Millions of years of evolution have resulted in a complex but precisely-orchestrated array of interactions between the 4 genomes. For example:

  • The chloroplast needs proteins synthesized by 3 different genomes: its own, the nucleomorph's, and the host's.

  • The nucleomorph genome has given up all (but one) of its genes encoding enzymes for general metabolic functions; the endosymbiont now depends on those encoded by the host nucleus.

  • The nucleomorph itself also depends on genes (e.g., for DNA polymerases) residing in the host nucleus.

The Apicoplast

The apicoplast (short for "apicomplexan plastid") is a solitary organelle found in the apicomplexan protists: "sporozoans" like Plasmodium falciparum (and the other agents of malaria) and Toxoplasma gondii.

Features:

  • Essential - the organisms cannot survive without it;

  • Encased by 4 membranes;

  • Contains its own genome, a circular molecule of DNA (35,000 base pairs) which encodes

    • ~ 30 proteins

    • a full set of tRNAs plus some other RNAs

  • Only a few functions have been discovered, but these include

  • Clearly 30 proteins are not enough to accomplish so many functions so the apicoplast has to import from the cytosol ~500 nuclear-encoded proteins.
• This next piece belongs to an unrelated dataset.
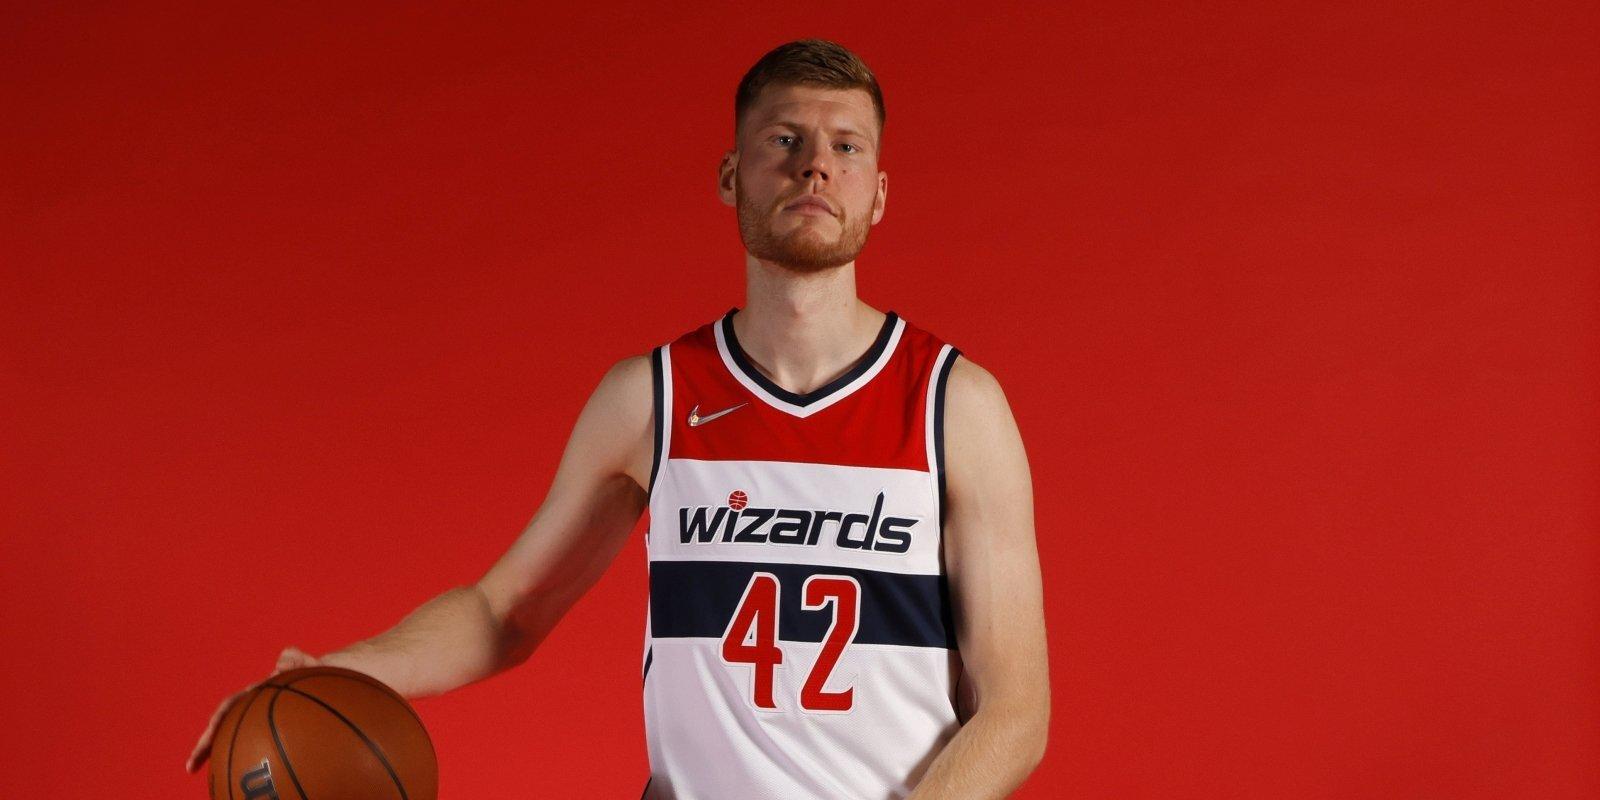 Neļaut 'grilēt vistiņas' uz Bertāna rēķina. 'Wizards' sāk NBA sezonu jaunā veidolā

The apicoplast is the product of an ancient endosymbiosis in which the eukaryotic ancestor engulfed a unicellular alga — probably a red alga — with a solitary chloroplast. Over time, the nucleus was lost (no residual nucleomorph) as well as many features of the chloroplast (including its ability to perform photosynthesis).

Can Secondary Symbiosis Still Occur?

Probably so.

Two Japanese scientists have discovered a heterotrophic flagellate that engulfs a unicellular green alga that lives freely in the surrounding water. Once inside,

  • the alga loses its flagella and cytoskeleton;

  • the host loses its feeding apparatus;

  • the host switches from heterotrophic to autotrophic nutrition (photosynthesis);

  • the host becomes capable of phototaxis.

When the host divides by mitosis, only one daughter cell gets the plastid. The other cell regrows the feeding apparatus and is ready to engulf another alga.

You can read the details in Okamoto, N. & Inouye, I., Science, 310:287, 14 October 2005.